Azure / azure-sdk-for-python

This repository is for active development of the Azure SDK for Python. For consumers of the SDK we recommend visiting our public developer docs at https://learn.microsoft.com/python/azure/ or our versioned developer docs at https://azure.github.io/azure-sdk-for-python.
MIT License
4.61k stars 2.82k forks source link

AzureMachineLearningFileSystem does not work with user Entra authentication #37089

Open cecheta opened 2 months ago

cecheta commented 2 months ago

Describe the bug When trying to access a data asset using Microsoft Entra authentication, AzureMachineLearningFileSystem is unable to authenticate when running locally.

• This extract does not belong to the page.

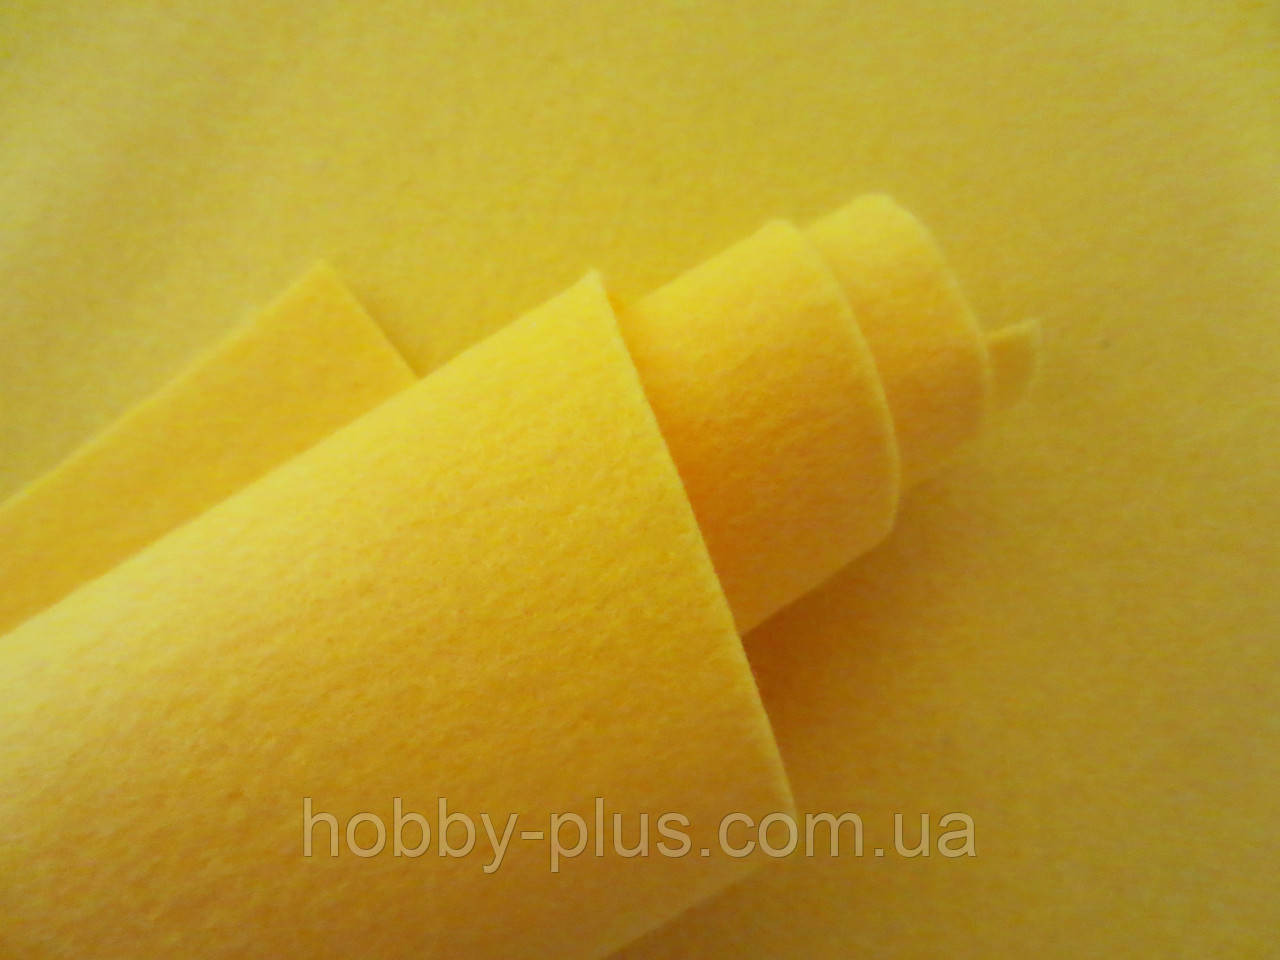 Фетр корейский мягкий, 1.2 мм, 20x30 см, ЖЕЛТЫЙ

To Reproduce Steps to reproduce the behavior:

  1. Create Machine Learning workspace
    • Ensure that "Identity-based access" is enabled for the storage account

image

  1. Assign "Storage Blob Data Contributor" role for the storage account to the current user
  2. In Azure ML, create a data asset using the workspaceblobstore datastore
  3. Copy the Datastore URI
  4. Locally, run pip install azureml-fsspec azure-ai-ml
  5. Run the following script locally, replacing <DATASTORE_URI>
from azureml.fsspec import AzureMachineLearningFileSystem

file_system = AzureMachineLearningFileSystem("<DATASTORE_URI>")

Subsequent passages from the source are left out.